Siswa zaman sekarang memiliki tanta­ngan serius untuk mengarungi kehidupan. Oleh karena itu, perubahan paradigma berpikir tingkat tinggi merupakan suatu keniscayaan bagi dunia pendidikan . Siswa harus dibekali kemampuan nalar tingkat tinggi sehingga siswa berpikir logis, kritis, analitis, sekaligus kreatif-inovatif. Oleh se­bab itu, guru harus bisa mengarahkan siswa. Guru harus bisa memberikan perspektif ba­ru yang tidak mungkin didapat di internet. Guru harus memiliki komitmen untuk sela­lu berkreasi dan berinovasi agar dapat me­me­nuhi kebutuhan siswa pada era informasi yang serba terbuka.

Ibaratkan orkestra, guru lah konduk­tor­nya. Kita ketahui konduktor itu dalam se­buah pertunjukkan orkestra berperan seba­gai pemimpin dan pelatih. Konduktor meru­pakan unsur terpenting di dalam permainan orksestra, tanpa adanya konduktor, kelom­pok paduan suara akan mengalami keka­cauan di dalam permainannya.Jika pun ada yang bermain dengan baik, kalau konduktor tidak ada, itu akan sia-sia, keseragaman bu­nyi suara, nada suara tidak akan ada, hasil­nya suaranya pun akan amburadul, tidak serasi, gagal. Dalam dunia pendidikan, jika pun ada siswa yang pintar, jika tidak ada gu­ru yang berkompeten, pendidikannya ju­ga akan gagal, tidak akan tercapai aspek kog­nitif, afektif dan psikomotorik secara berimbang.

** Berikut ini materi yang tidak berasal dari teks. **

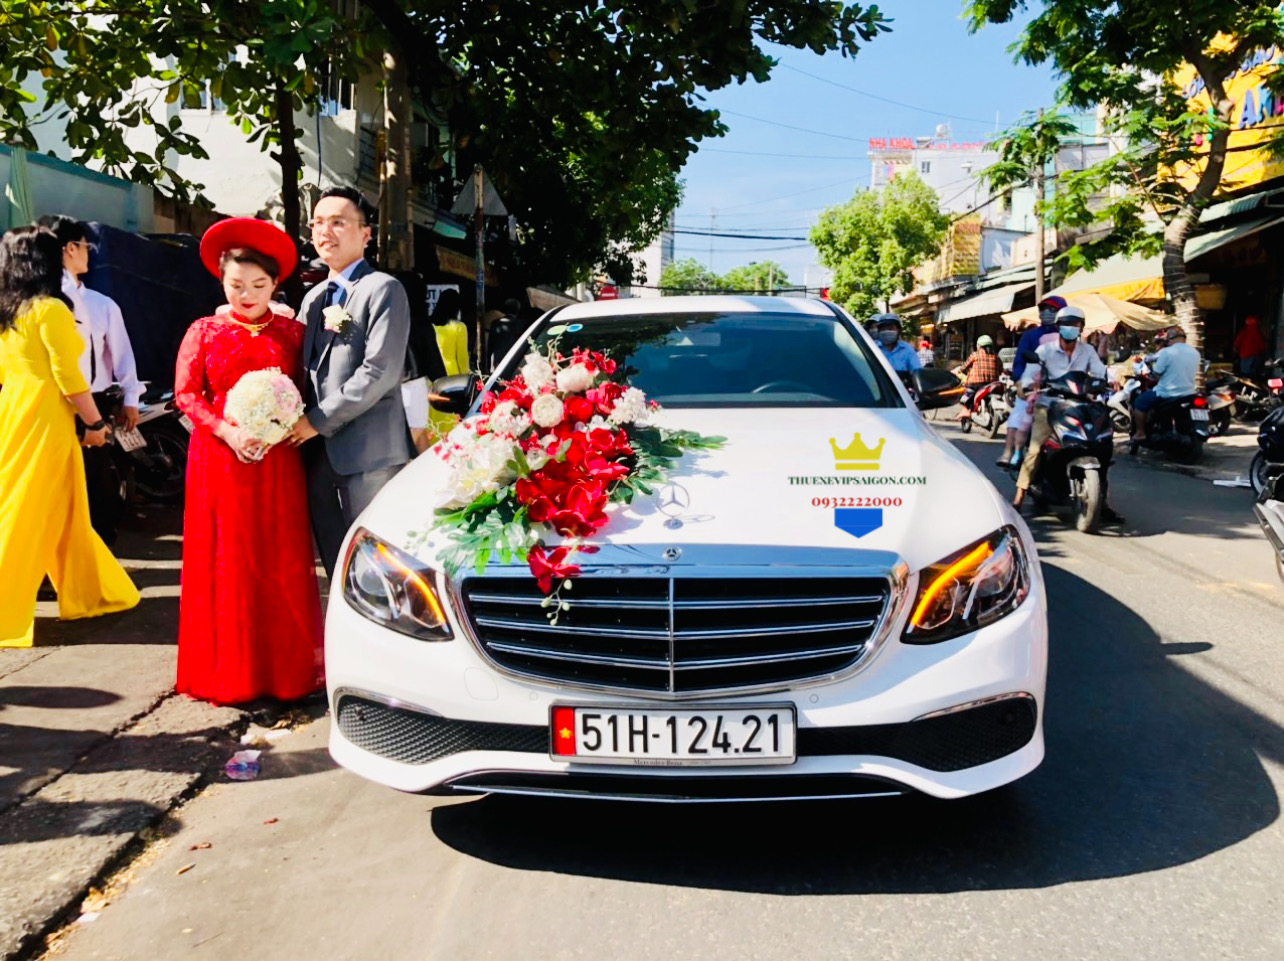 Vip Cars Bảo Dương cho thuê xe cưới thứ hai ngày 25/10/2021

Guru mengemban peran yang berat, yak­ni membimbing para siswa agar mampu ber­kembang sebagai manusia seutuhnya, tidak boleh lagi terpinggirkan hanya karena kuatnya kecenderungan untuk mengejar kon­sekuensi, yaitu nilai dan tingkat ke­lulusan yang tinggi. Sebab, jika kita semua sibuk mengejar konsekuensi dan melu­pa­kan tujuan hakiki, maka kita bisa begitu mudahnya menghalalkan segala cara. Te­ruslah berjuang untuk menegakkan tujuan pendidikan . Mari memberi motivasi, mem­beri inspirasi kepada semua murid kita agar mereka terus belajar dan berkarya. Inilah saatnya guru menjadi agen perubahan. Di tangan seorang guru kemiskinan dapat diu­bah menjadi kekuatan. Guru yang bermutu berpeluang besar melahirkan siswa yang bermutu untuk masa depan bangsa dan negara.

Penulis adalah guru SMP RK Bintang Timur Pematangsiantar.